▸ SOURCE MATERIAL:
--

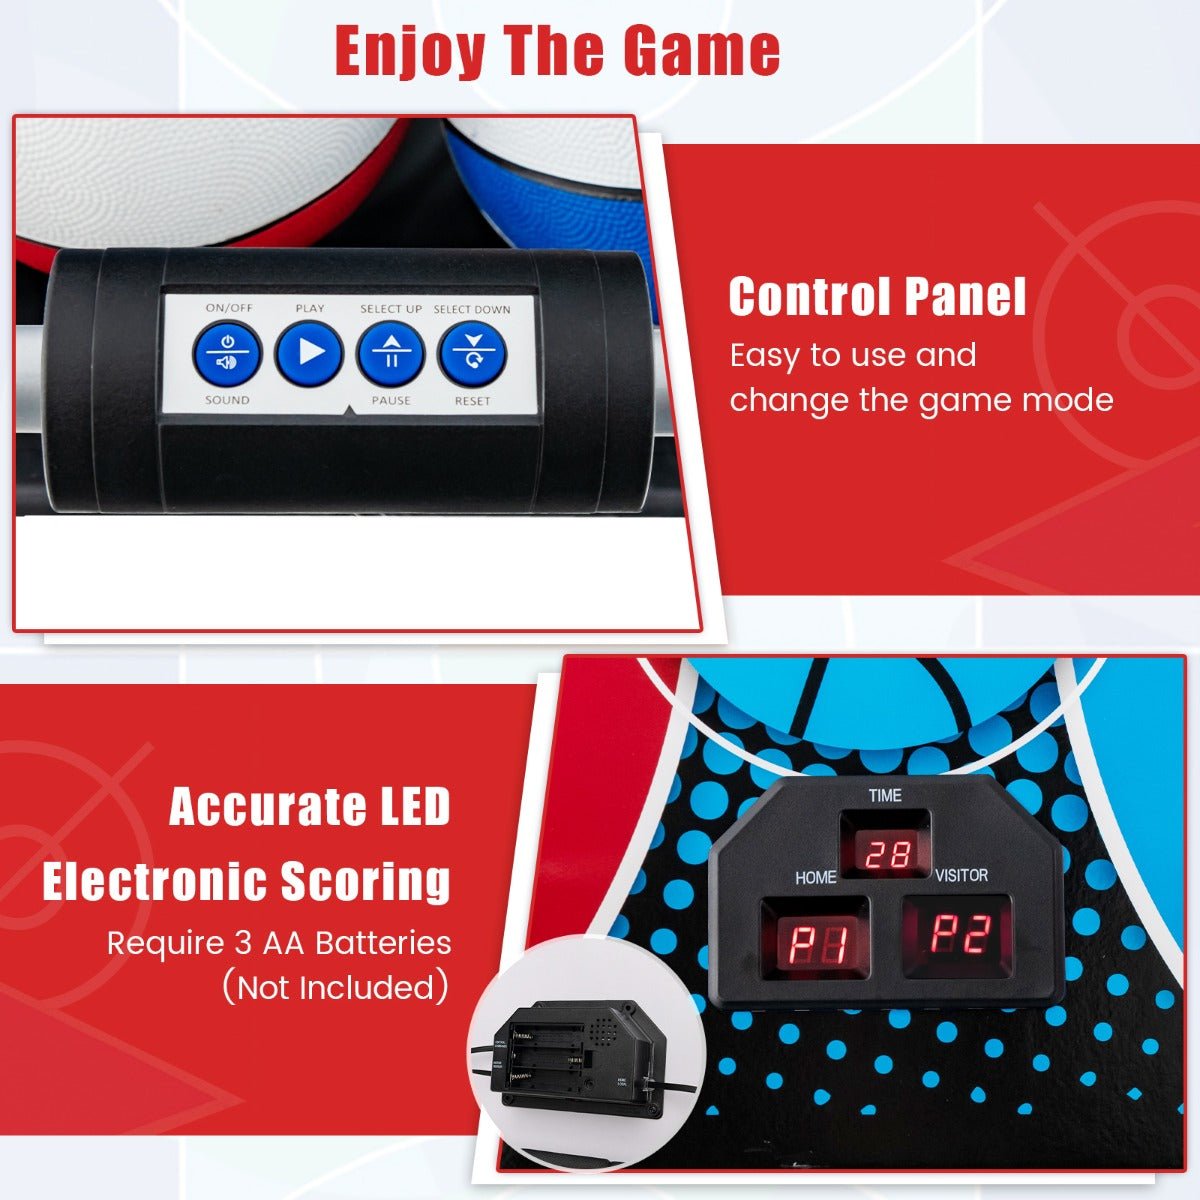 Red Hot Basketball Arcade for Players
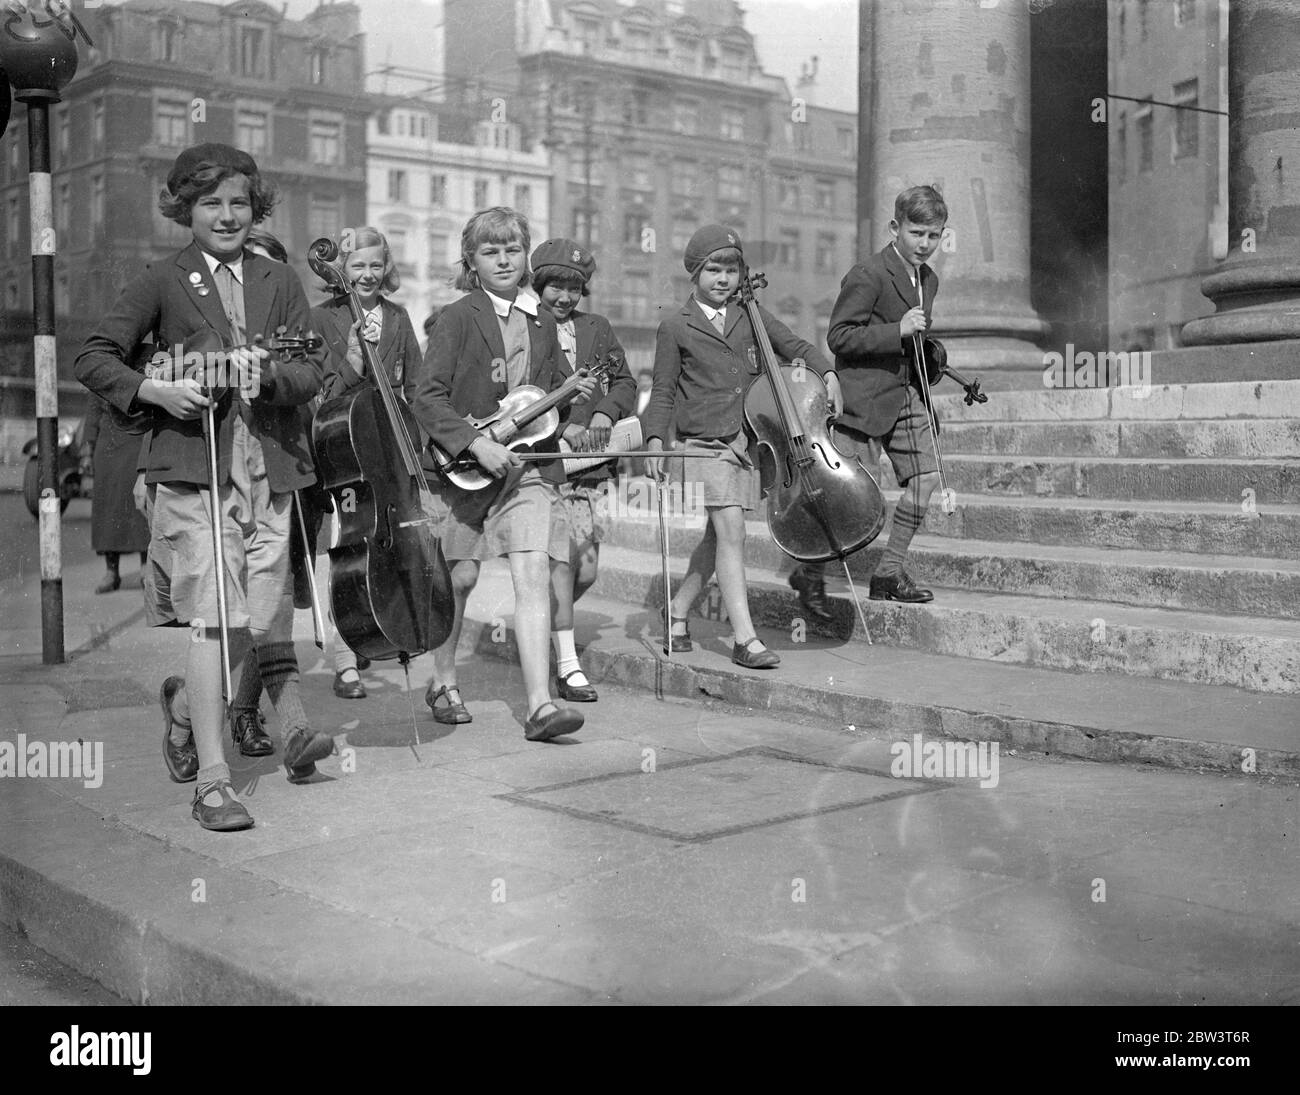 London ' s Musical Children Play At The Queen ' s Hall . Hundreds of young musicians are taking part in the School Orchestra and Junior Band Festival at Queen ' s Hall , London . Photo shows : Childrens arriving with their instruments . 16 May 1936 Stock Photo
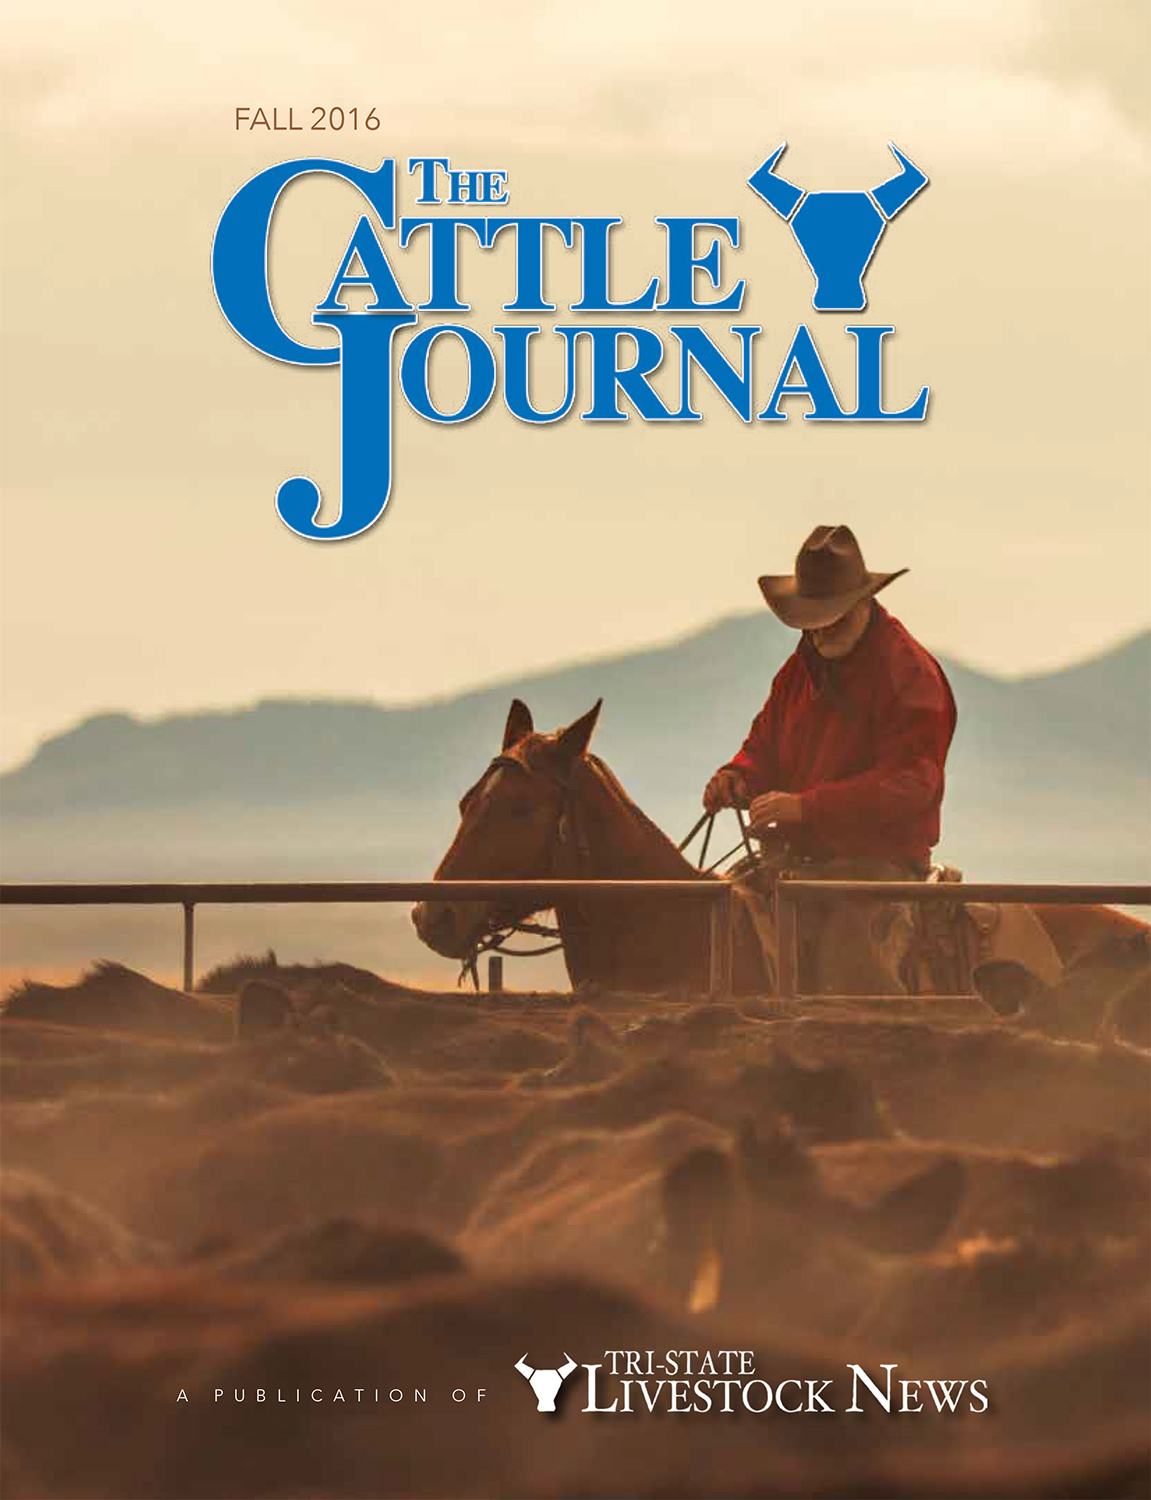 Cowboy photo on cover of The Cattle Journal

--

▸ EXERCISE DESCRIPTION: Retype the listing exactly. Leave out its pictures.

▸ RESULT OF THE TASK:
 Red Hot Basketball Arcade for Players
 London ' s Musical Children Play At The Queen ' s Hall . Hundreds of young musicians are taking part in the School Orchestra and Junior Band Festival at Queen ' s Hall , London . Photo shows : Childrens arriving with their instruments . 16 May 1936 Stock Photo
 Cowboy photo on cover of The Cattle Journal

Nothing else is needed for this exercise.